TELECOM Digest OnLine - Sorted: Re: Cell Phone For VOIP - Home Device Imitates Provider Signal


Re: Cell Phone For VOIP - Home Device Imitates Provider Signal


Robert Bonomi (bonomi@host122.r-bonomi.com)
Sun, 31 Jul 2005 23:46:43 -0000

In article <telecom24.347.11@telecom-digest.org>, jhedfors
<jhedfors@gmail.com> wrote:

> I wonder if such a device is feasible?

> Could there be a device that gives give off a home network signal that
> your cell phone can connect to as it does your service provider? You
> could then user your cell handset for VOIP calls when near such a
> device.

> There is talk of special wi-fi enabled phones doing this, but this
> could be used with any phone, and could possibly be wi-fi enabled as
> well.

> Any thoughts?

"Feasible"?? H*LL NO!!

It would be a commercial transmitter. This requires FCC 'type
acceptance' or (in special cases) acceptance testing of the specific
transmitter. Costs are in the high-5-to-middle-6-figures left of the
decimal point.

A FCC station _license_ for that device would also be required. The
costs for generating the supporting data needed for the license are
'non trivial', to put it mildly.

That's _before_ considering the 'design' costs of such a device.
That's going to be _another_ high-5-to-middle-six-figure amount --
DESPITE the fact that you can use the basic design of a standard cell
station. You have to have 'something' to replace the functionality
for determining which cell answers a call, 'validating' the phone,
managing inter-cell hand-off, etc. Even if you're not using the
particular facilities for call management, you have to provide the
basic 'control' functions to the cell station for *it* to operate
properly. There's a *lot* of software to design/build/test, for
'emulating' the un-needed/un-used head-end functions required by a
standard cell base-station.

Next, you've got the tooling and start-up costs for the production
line to build the d*mn things.

Direct manufacturing cost is going to be in the low hundreds of
dollars, *minimum*. Plus 'overhead' costs -- things like advertising,
etc. Plus something towards recouping the 'development' costs
mentioned above. Plus distributer/wholesaler mark-ups.

If you peg the total development/start-up cost at 'a few million
dollars', you have to sell a few thousand of these devices a year,
_at_a_PROFIT_ of over $100/unit, just to cover 'debt service' on the
development costs.

Totalling: several hundred manufacturing cost, minimum $100 for debt
service, plus 'something' towards retiring that debt, plus 'overhead'
-- mgmt, marketing, etc., plus distribution costs -- I don't see _how_
such a device could carry a 'street' price much below $1,000 (probably
_considerably_ higher). Considering that the buyer also has all the
expenses of getting that FCC station license, I really question
whether the sales of 'several thousand units/year' that the
debt-service figure was predicated on is reachable.

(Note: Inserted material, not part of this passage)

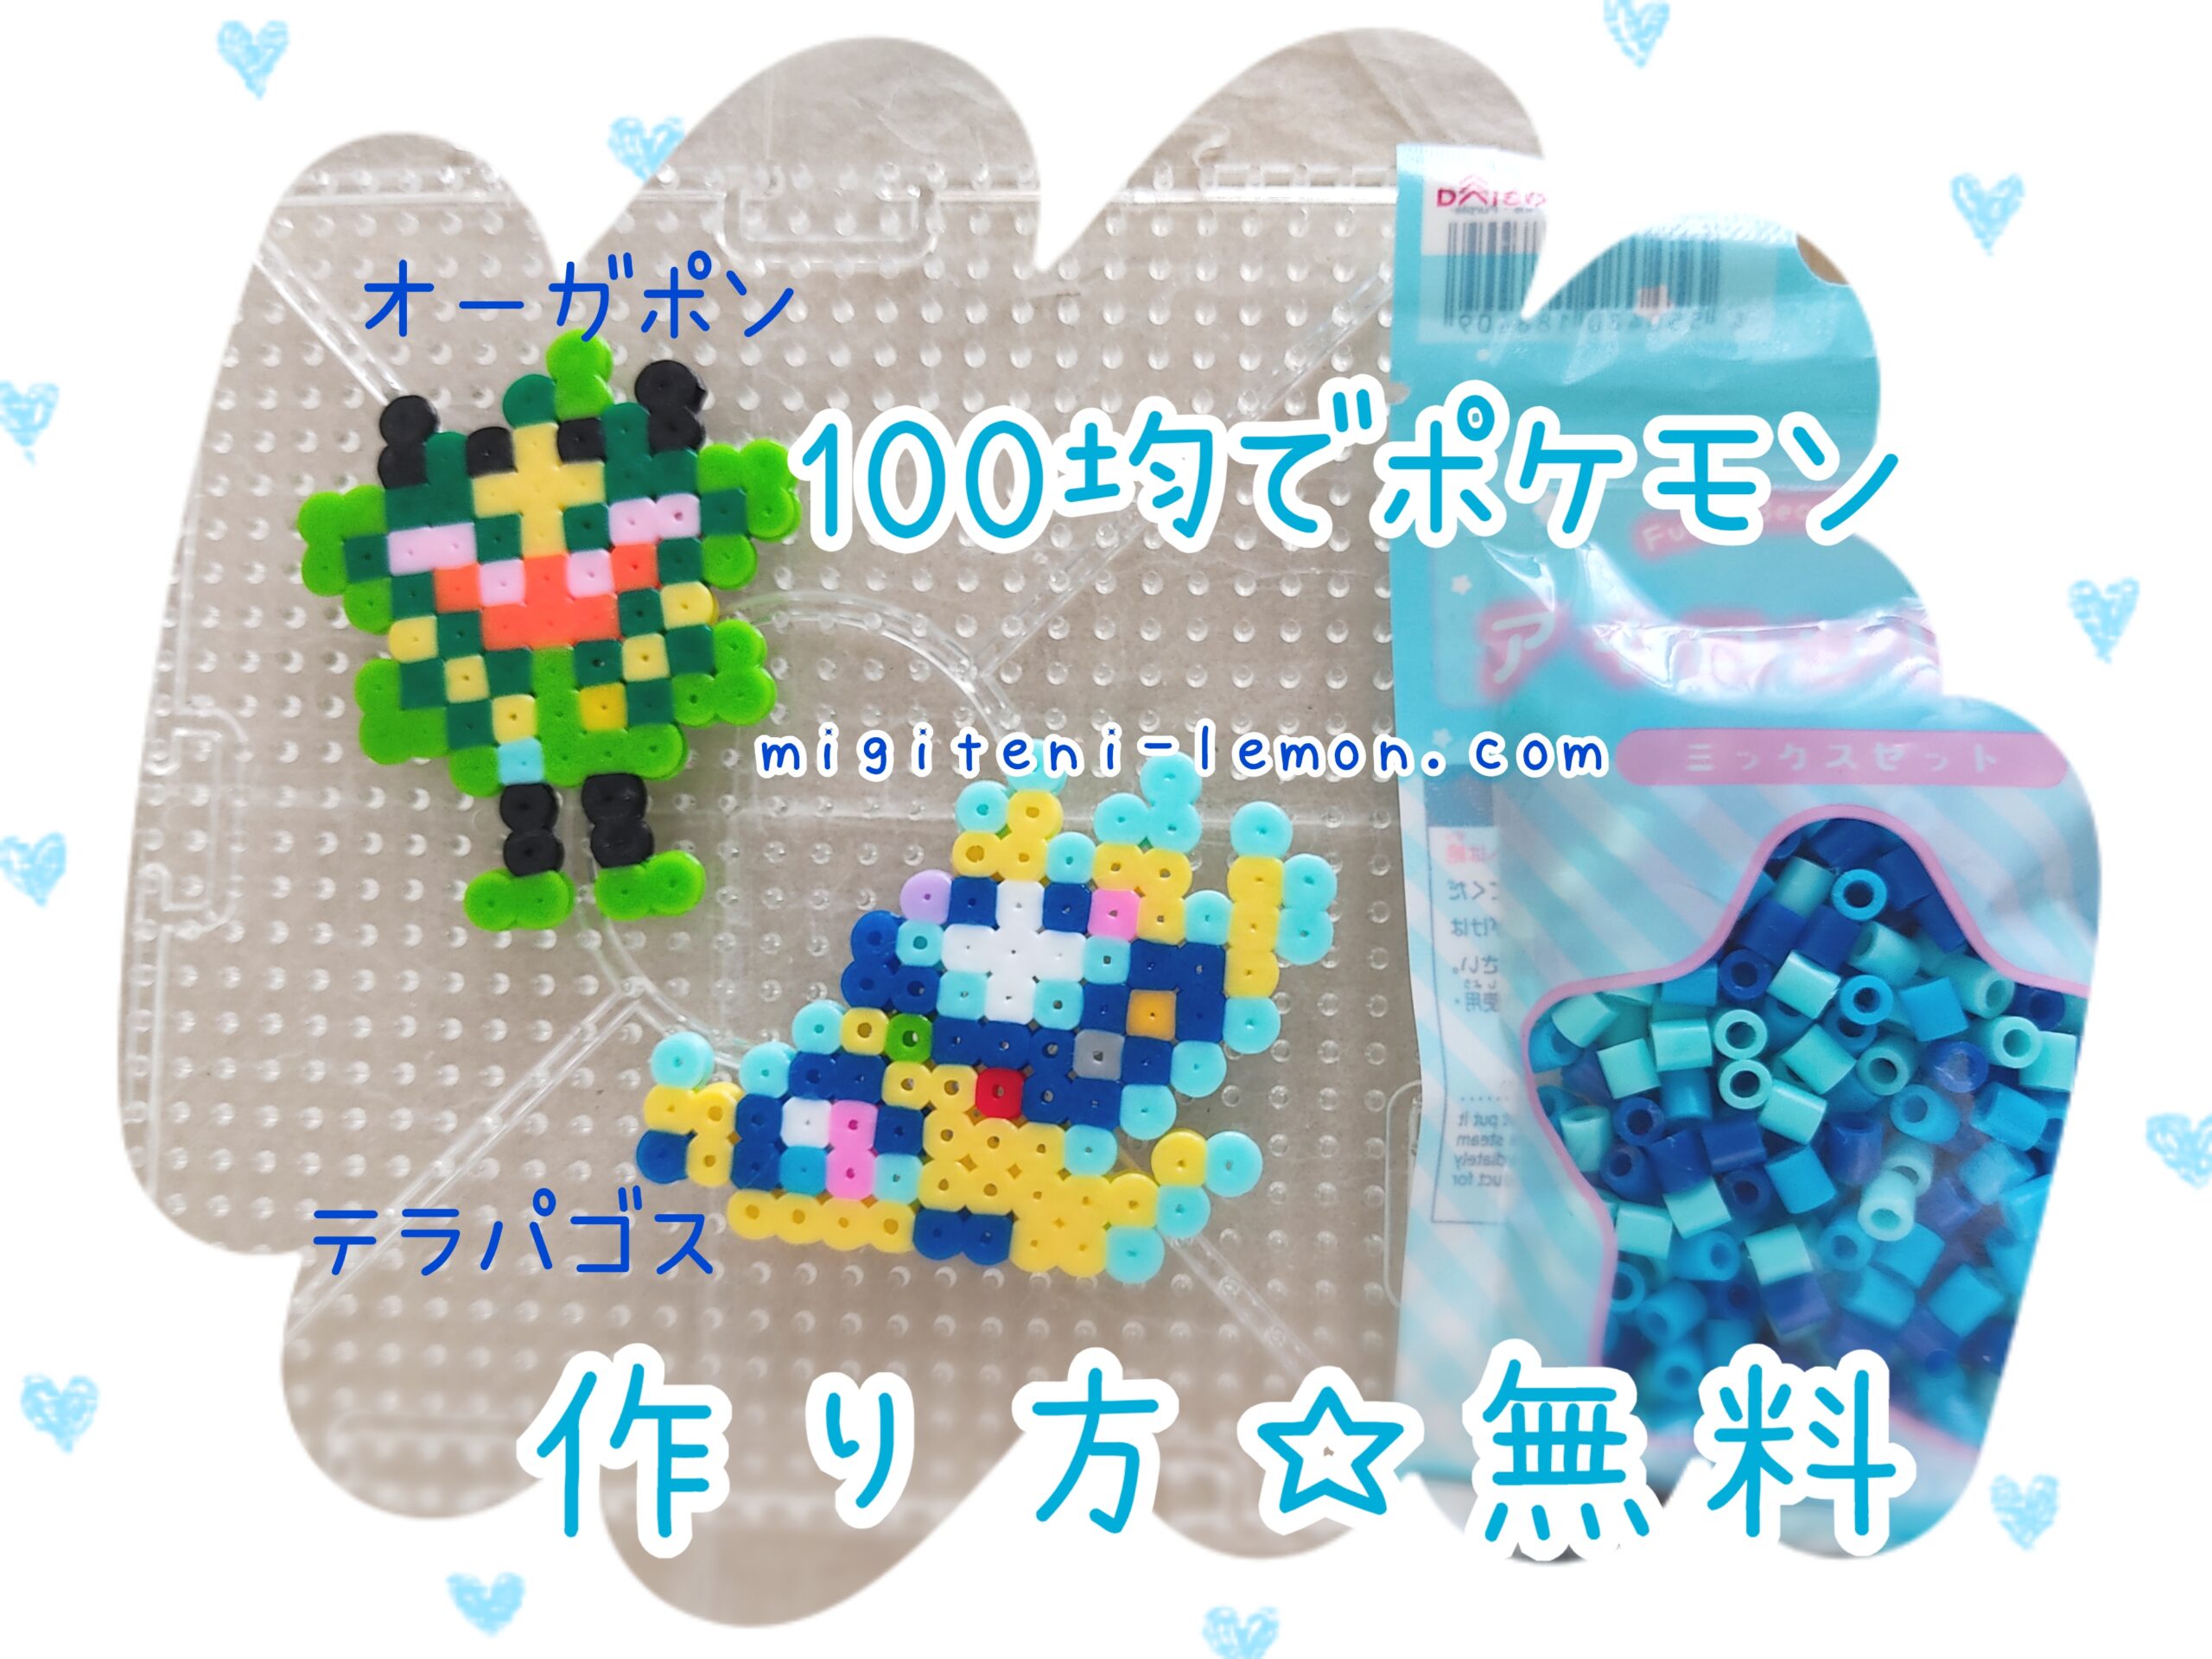 ogerpon-terapagos-free-pokemon-beads-zuan

If the market is
only 10 units/year, then you've got to get circa $10-25,000 per unit
_just_ for the 'debt service'.

After all that, there is the 'minor' issue of how that base station
'knows' what the particular phone's "home network" _is_. and how to
send the right 'magic incantations' associated therewith.

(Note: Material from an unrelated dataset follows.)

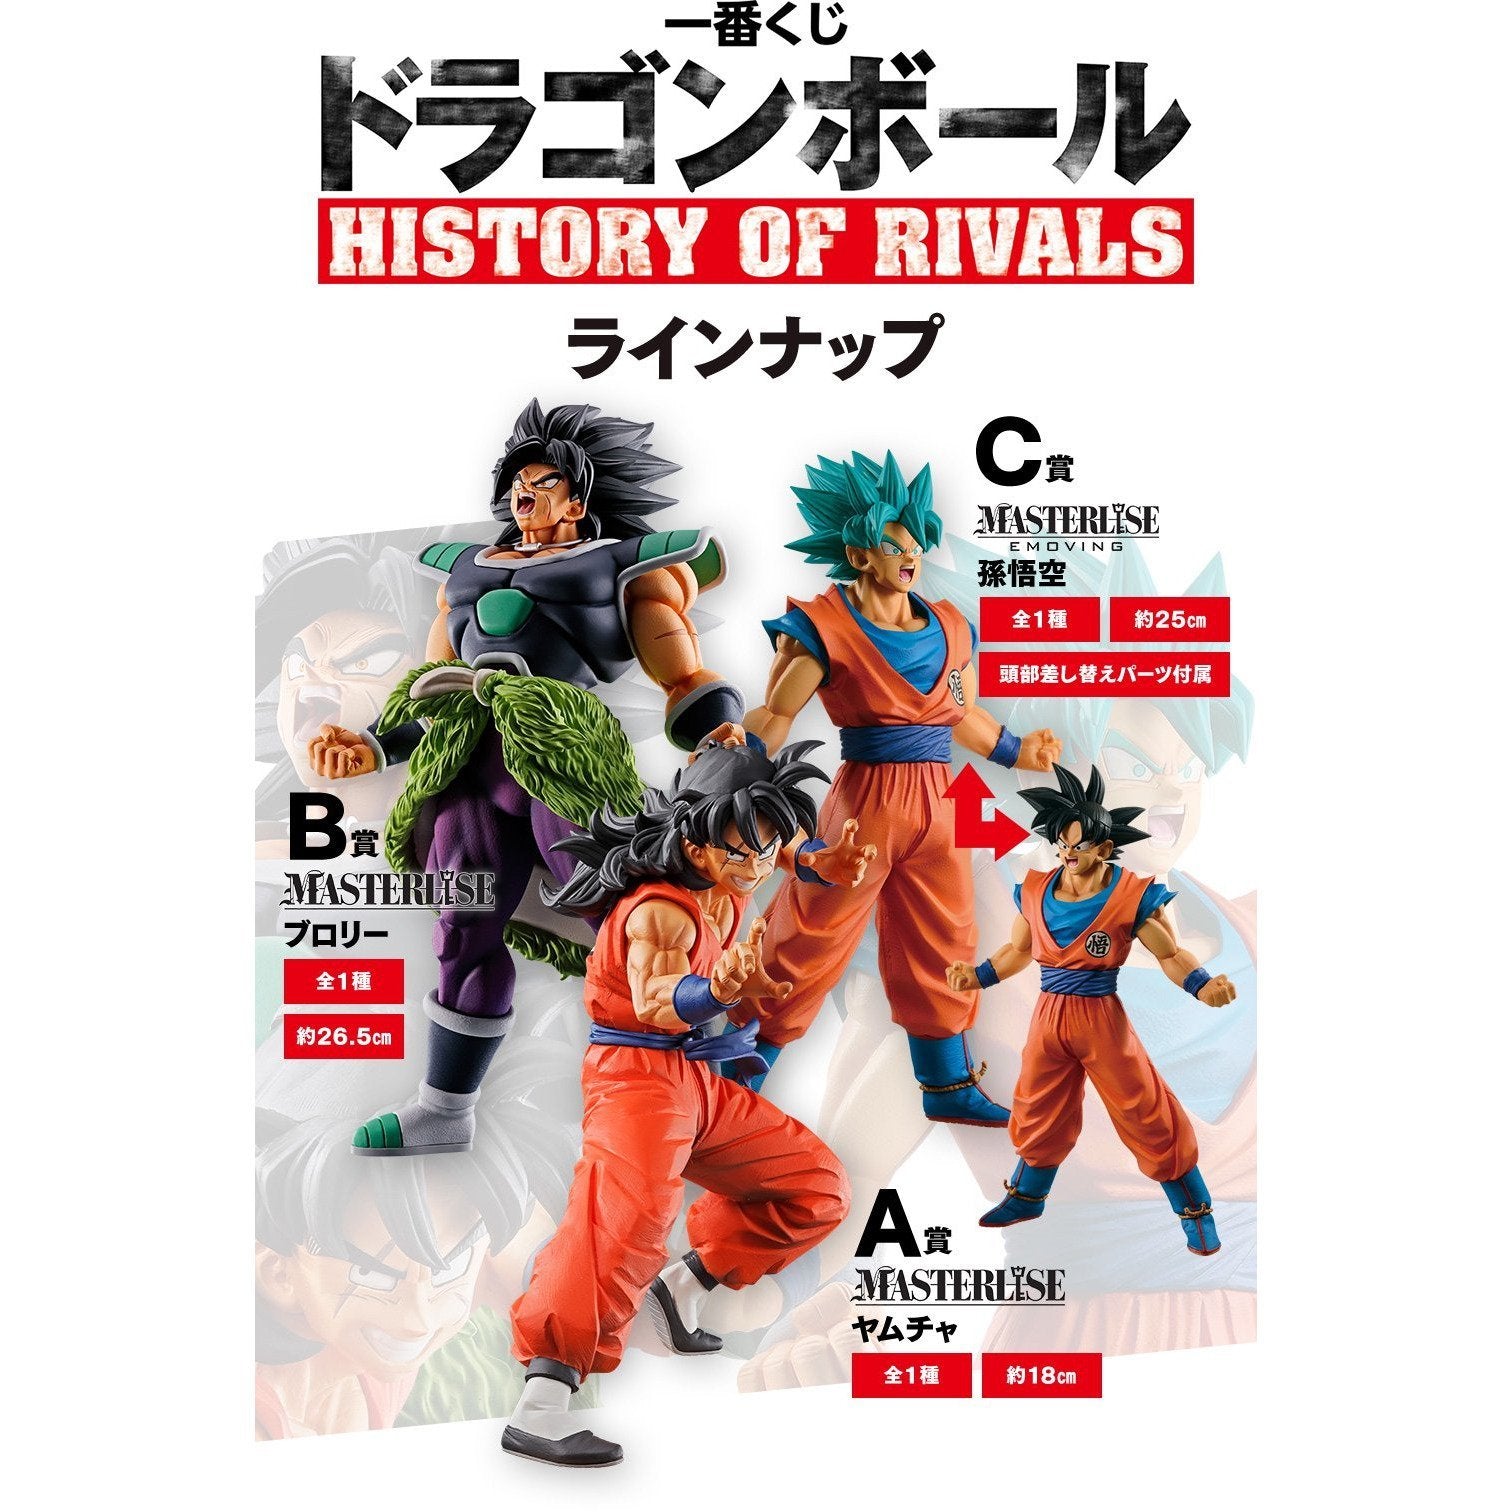 Ichiban Kuji Dragon Ball "History of Rivals"-Bandai-Ace Cards & Collectibles

*AND* the matter of either 'co-ordinating' with the "real" cell-tower
network so that call-handling is 'handed off' to this device, *or* of
providing an over-riding signal such that the phone 'cannot see/hear'
the real network when in range of this device. In the latter
scenario, you have a *major* problem in ensuring that the "effect" of
your base-station doesn't extend to anybody else's phones -- going by
outside. (Not to mention the 'minor matter' of it being illegal to
intentionally interfere with the transmissions of another licensed
station. <wry grin>)

*AND* the "problem" that arises when two people -- in adjacent
apartments, say -- *both* try to install such a device. and one
person finds that in half his apartment, he's "closer" to the other
person's base station than he is to his _own_ station. Oh, yeah, their
phones are both on the same 'real' carrier, so you can't even
differentiate by 'home' network.

To make this idea "workable" -- in a theoretical sense -- you'd need
to re-design the cell *phone* itself. with a separate "mode" of
operation, where it locked up to this 'private' base-station, and made
no attempt to query the "common-management" and/or use an alternate
cell with a "better" signal.

If there is *one* thing that this 'crazy idea' is not, that thing is
'feasible'! "Feasible" means 'practical, from a _financial_ point' --
and 'finances' do look to be a real 'killer' for this project. Not
the only one, but a killer nonetheless.